APA trades at about 7.3X forward earnings, below the subindustry's 9.5X multiple.
Suriname's GranMorgu project could drive long-term growth, with first oil targeted for mid-2028.
APA Corporation (APA - Free Report) has delivered a strong run, with its shares rising nearly 63% in the past year. The rally raises a fair question: is APA still attractive, or has the market already priced in most of the upside? The answer looks balanced. APA has stronger execution, a deep Permian base, improving costs and a major future catalyst in Suriname. At the same time, investors must consider commodity-price risk, Egypt exposure, debt and the long wait before Suriname contributes meaningfully. Compared with Chord Energy (CHRD - Free Report) , which is more focused on the Williston Basin, and SM Energy (SM - Free Report) , which is scaling its U.S. shale platform after the Civitas deal, APA offers a different mix of near-term cash flow and long-term offshore growth.

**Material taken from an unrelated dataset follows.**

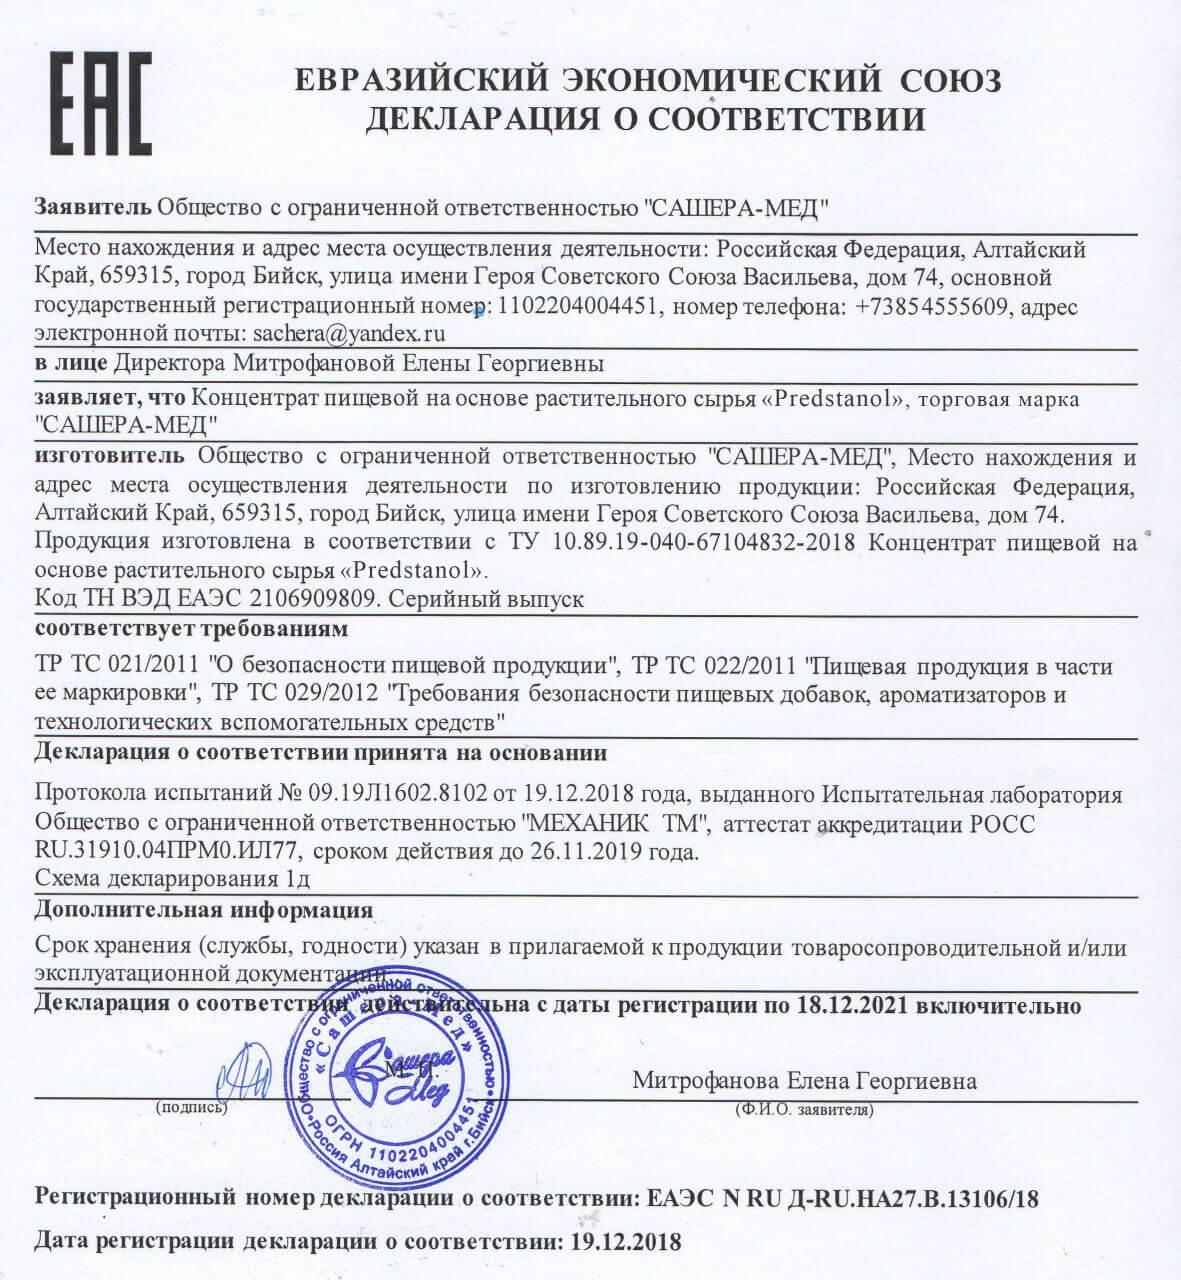 Сертификат на предстанол в Подольске

Price Performance Shows APA’s Strong Momentum
APA’s one-year gain easily tops Chord Energy, up 17.7%, and SM Energy, down 1.5%. The outperformance reflects improved confidence in APA’s operating progress, cash generation and future project pipeline. Still, a rally of this size raises the bar. CHRD has a simpler Williston-focused story built around steady production, long laterals and shareholder returns. SM is trying to improve scale, reduce debt and capture merger synergies. APA sits between these peers, with a large Permian position, international assets and a visible offshore catalyst.
1-Year Price Performance Comparison
Image Source: Zacks Investment Research
Earnings Estimates and Valuation Remain Supportive
APA’s earnings picture is mixed. The Zacks Consensus Estimate for 2026 EPS indicates a 49% increase, supported by cost savings, better operating efficiency and cash flow from gas trading. However, the 2027 estimate points to a 36% decline, suggesting that analysts expect some normalization after a stronger 2026.
Image Source: Zacks Investment Research
Valuation, however, remains positive. APA trades at around 7.3 times forward earnings, below the subindustry’s 9.5X. That discount shows the market is still cautious about debt, geopolitical exposure and commodity sensitivity.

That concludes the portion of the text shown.